If memory serves me, Bubbas dizzy likes about 20 degrees of advance, which is close to 1" to the right of the timing mark on your pulley. Set it there and your stumble/breakup, should go away if your problem is distributor related. At least you know the timing will be right.
Tom,try bumping the advance on the distributor a little it might help,,BTW,the car looks great,I know your Dad is smiling down on you! HRP
I fill my flathead radiator to the top of the core (about 1/2" over) and leave room for expansion in the top of the radiator. Use a 7# cap. That's about it!
Play with the timing. The mark is usually off a bit and you have to find the sweet spot. Is it the chevy conversion bubba dist?
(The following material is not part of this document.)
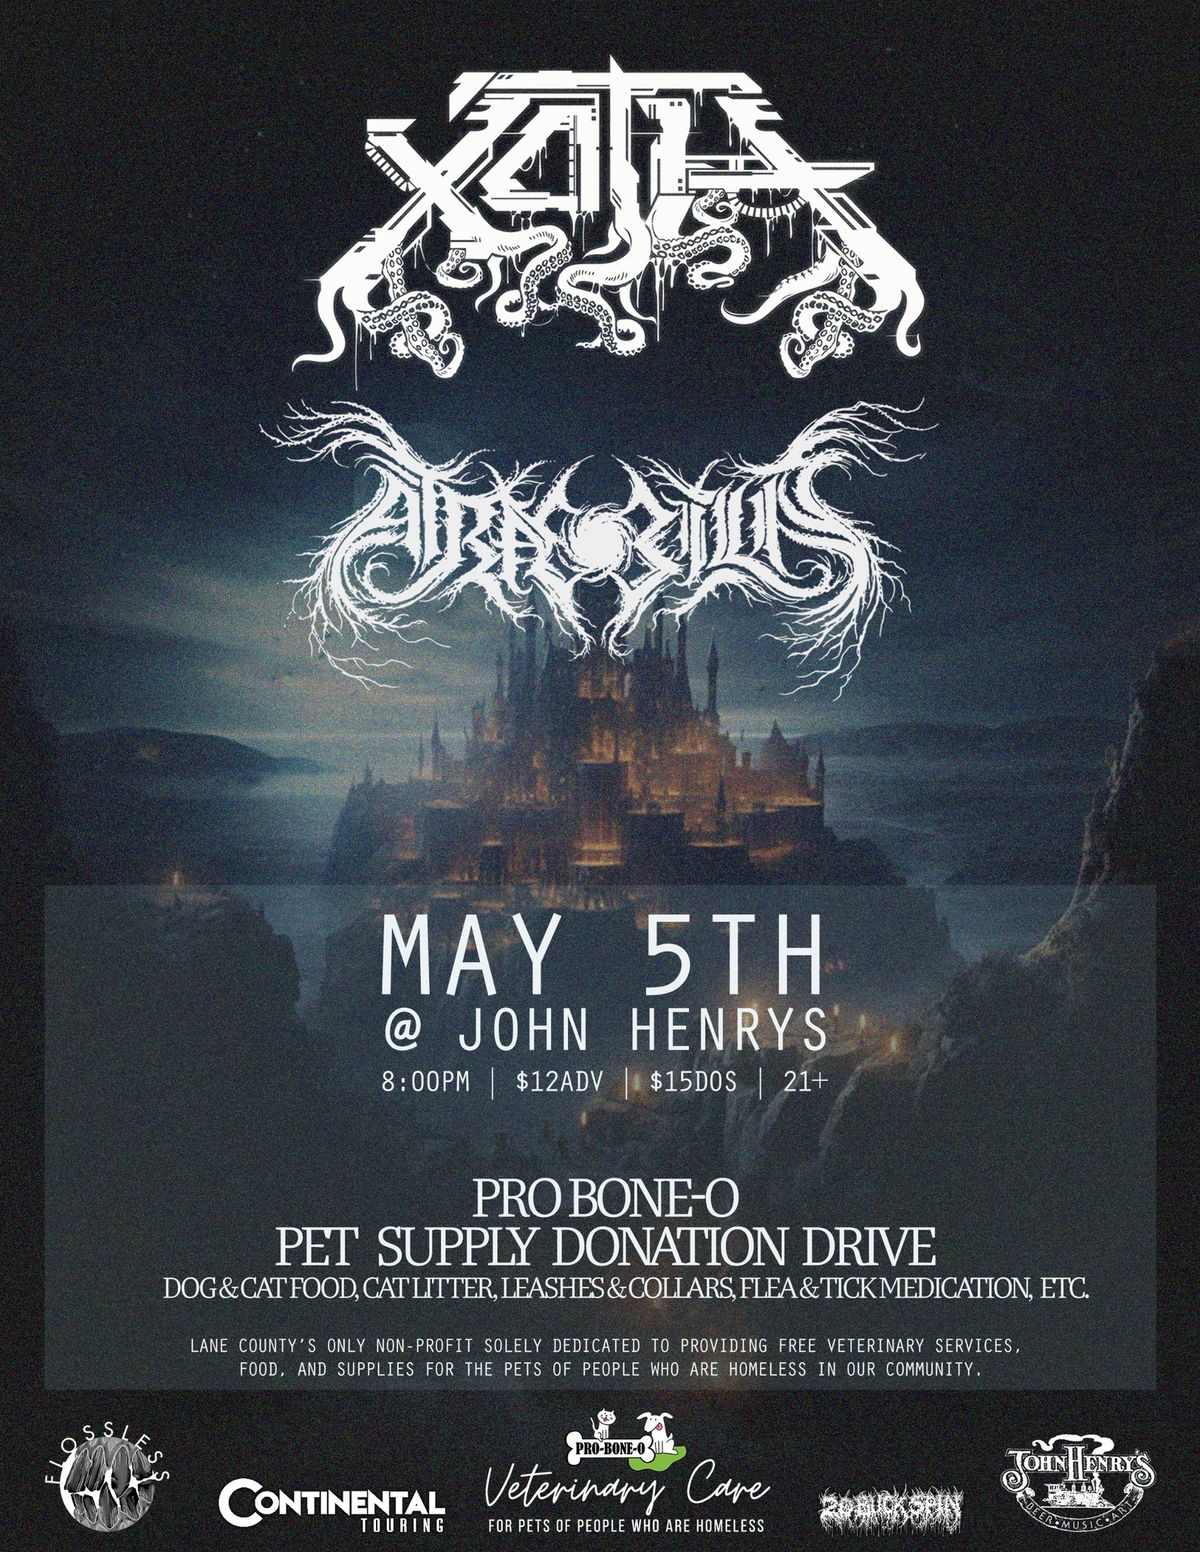 Death Metal & Supply Drive for Pro-Bone-O with XOTH and ATRAE BILIS!

If not, is your advance working off the vac?
stock 97.?...my 8BA need two of them..way back I bought two rebuilds from 97 heaven...didn't want to change the intake..took the 94 off and put the 97 on..just as you're saying..and had to play with the throttle to get up to speed...??
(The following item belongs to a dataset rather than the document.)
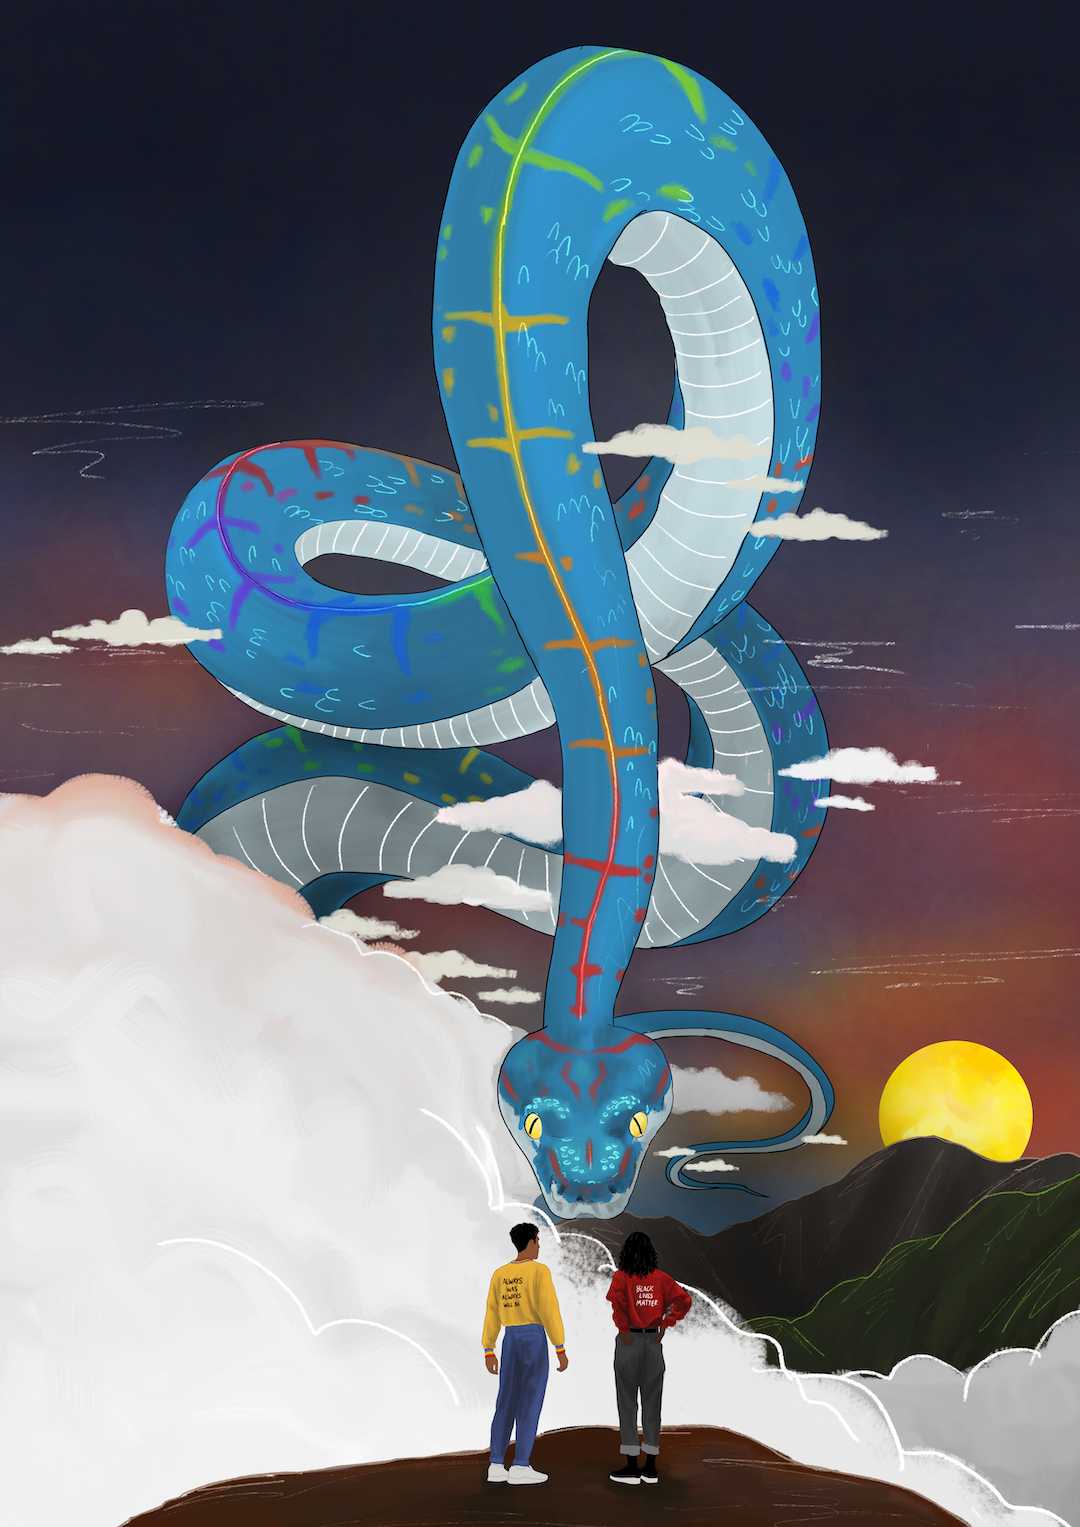 A giant spirit snake floats above two figures in a dreamscape

If it has a stock 8BA dist in it, I believe it requires a special vacuum advance port found on the 94 style carb that it came with. It's not your average vacuum port. Your 97 won't have that. I know it can be an issue with dual carbs. I lucked out and got an old mechanical advance Mallory dist. when I built mine. My radiator was stock 32 and not pressurized. I just filled it up to the top and let it warm up. Some coolant would come out of the overflow as it got up to temp. When it cools down the level goes down. I kept an eye on the temp gauge if after a year or so it started to get up above 185, I'd repeat the process and it immediately went back to normal. It never was a problem. As long as it never got hot and it never did, I never worried about it. If I were you I wouldn't either.
It is the chevy with no vacuum advance.. I reset it like the first reply said.. It's a whole lot better but probably not quite there.. I can't see the top of the core on the radiator.. It seems to have stopped... I just drove it about 20 miles and it runs pretty good... Loud!! I put a couple 2 foot extensions on the headers just to work out the bugs this weekend...
seems to me the others have you going in the right direction to solve your problem, so all im gonna say is... i really like your car.
Me thinks they look good either way... Here's my old man in the 50's... Tha guy I owe the credit for teaching me the little bit I've figured out!! With or without??? Who knowshttp://emob792.photobucket.com/albums/yy201/sbc78bu/old%20pics/1121152.jpg
No!!! He's the guy in the middle.... The 34 5 window.. I don't know who the guy with the bowtie is...
I love the car, you done good. If you have Champion spark plugs, they can cause a miss above about 3200. I used NGK's in my flatty and it ran great to 4800 with no other changes. I used 6 degrees initial, and a total of 26 at 2000 engine RPM.
I use NGK spark plugs. I wanted to use Champion but they would quit working after a few hundred miles. The car is in town now so I can not give you a spark plug number. Somebody will chime in with the number. Like your hot rod.
Still at it... had this thing running beautiful saturday night and sunday... Took it to work 15 miles and broke down 4x.. found that the coil with the built in resistor was wired backwards.. my bad, switched it, and now sometimes the car runs good, but most of the time it breaks up real bad like a timing miss, breaking up out of the exhaust. I ohmed out the coil 3.9ohms, im lost now... is a coil either good or bad or can it break down?
O'Reilleys stocked the correct NGK plug about three years ago. I have since sold the car, but my rusty old brain says B6L gapped to .030 This with a MOPAR ignition. I had the same trouble with champions in my Y block. NGK is the only way to go.
Just an idea, but I had an ingition switch go bad that drove me crazy for about a year. Car done similar things like you discribed. I screwed with the carb and timing, changed out points, coil and condenser but it still would "lope" on me going down the road like it had a slight miss. Finally the ignition switch died all together so I hot wired around it and the car never ran better or had more power.